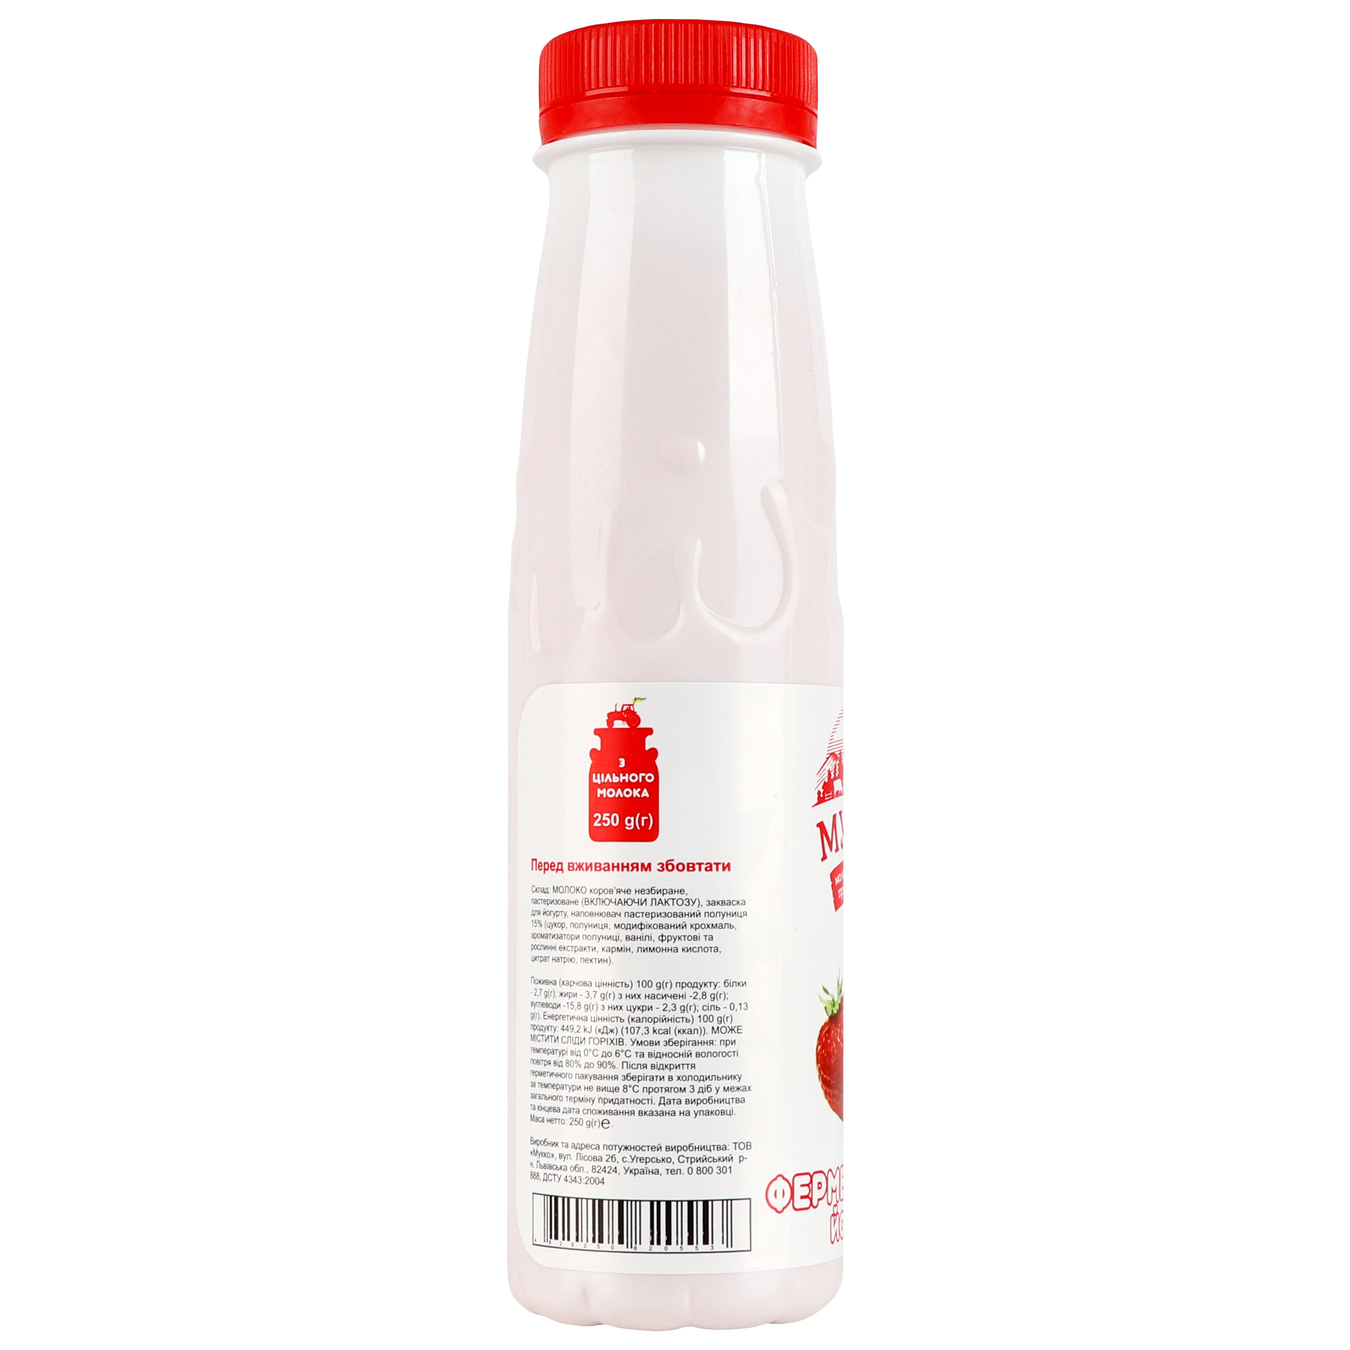 Yogurt Mukko strawberry 3.7% 250g bottle 3
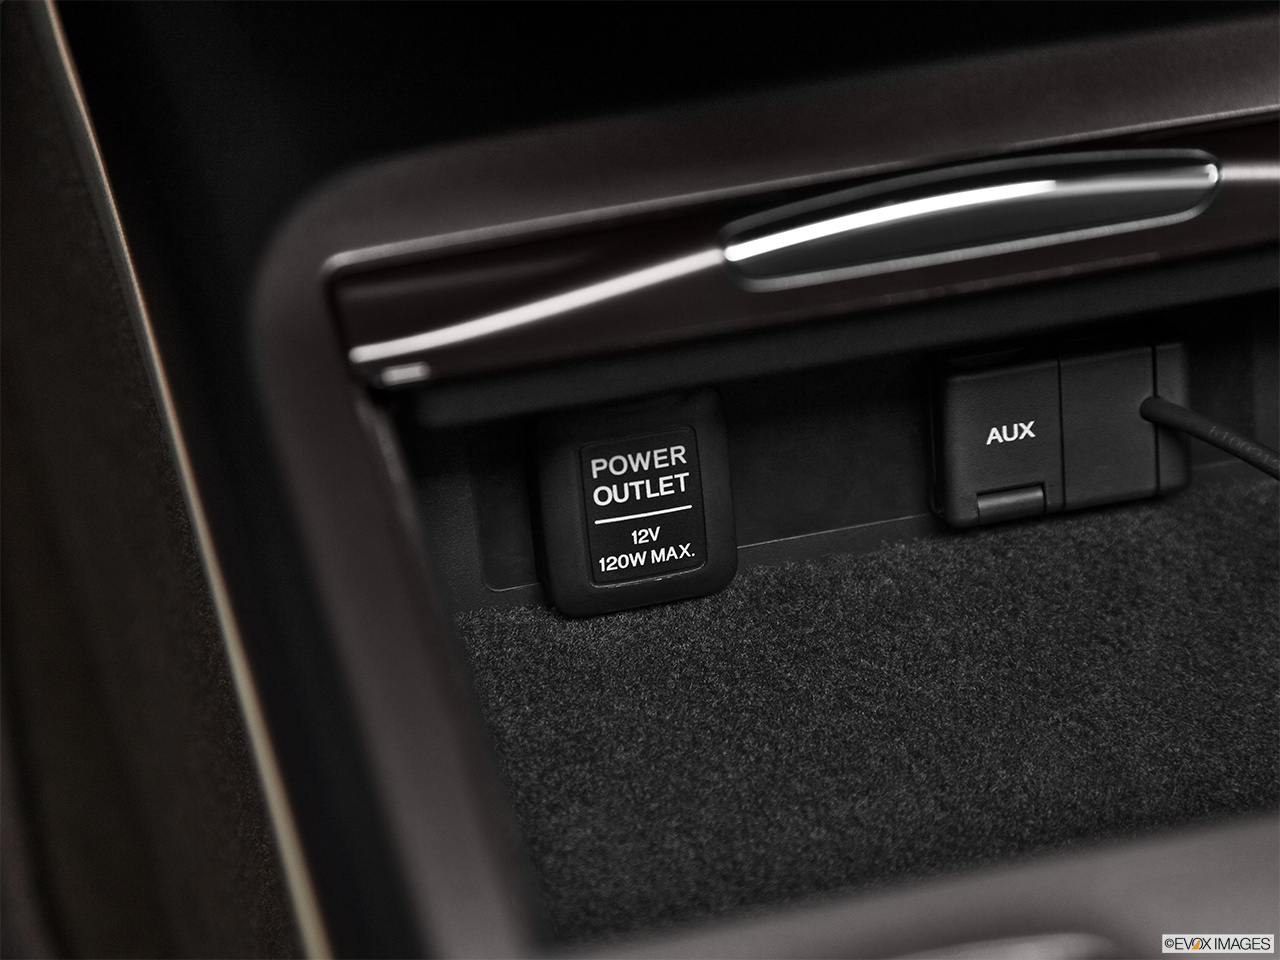 2013 Acura RDX AWD Main power point. 
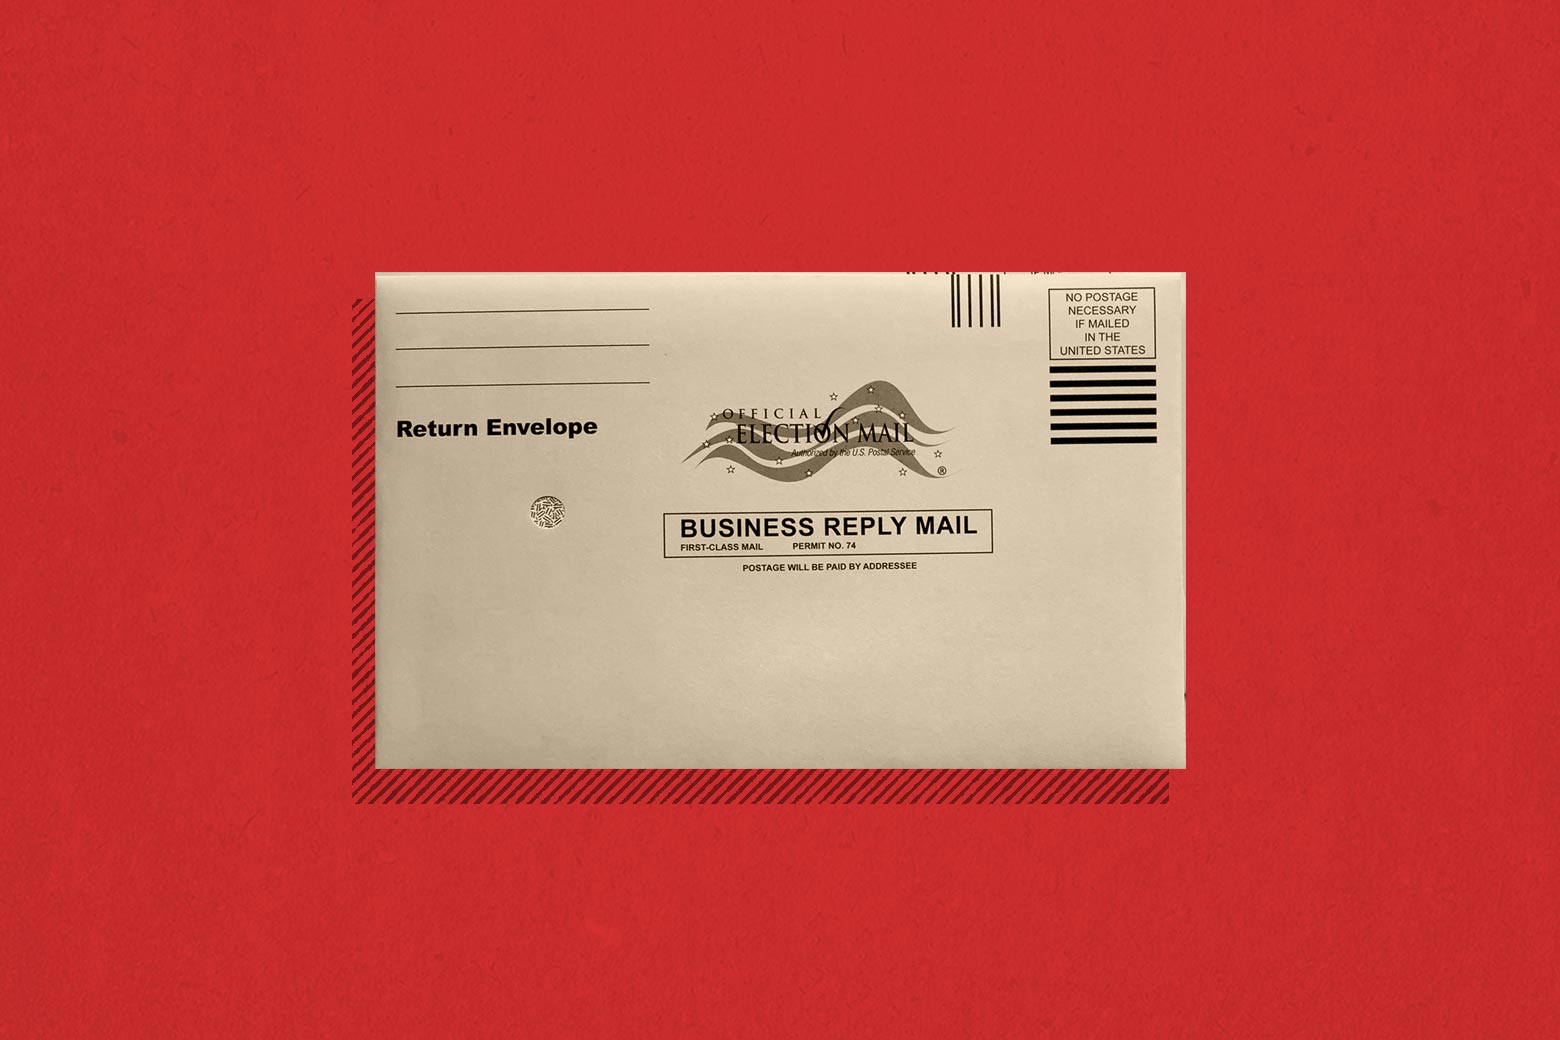 An envelope for an absentee ballot
- - - - -
### Required action
Repeat the material above exactly. Leave every picture out of it.

### Exercise solution
 Yogurt Mukko strawberry 3.7% 250g bottle 3
 2013 Acura RDX AWD Main power point. 
 An envelope for an absentee ballot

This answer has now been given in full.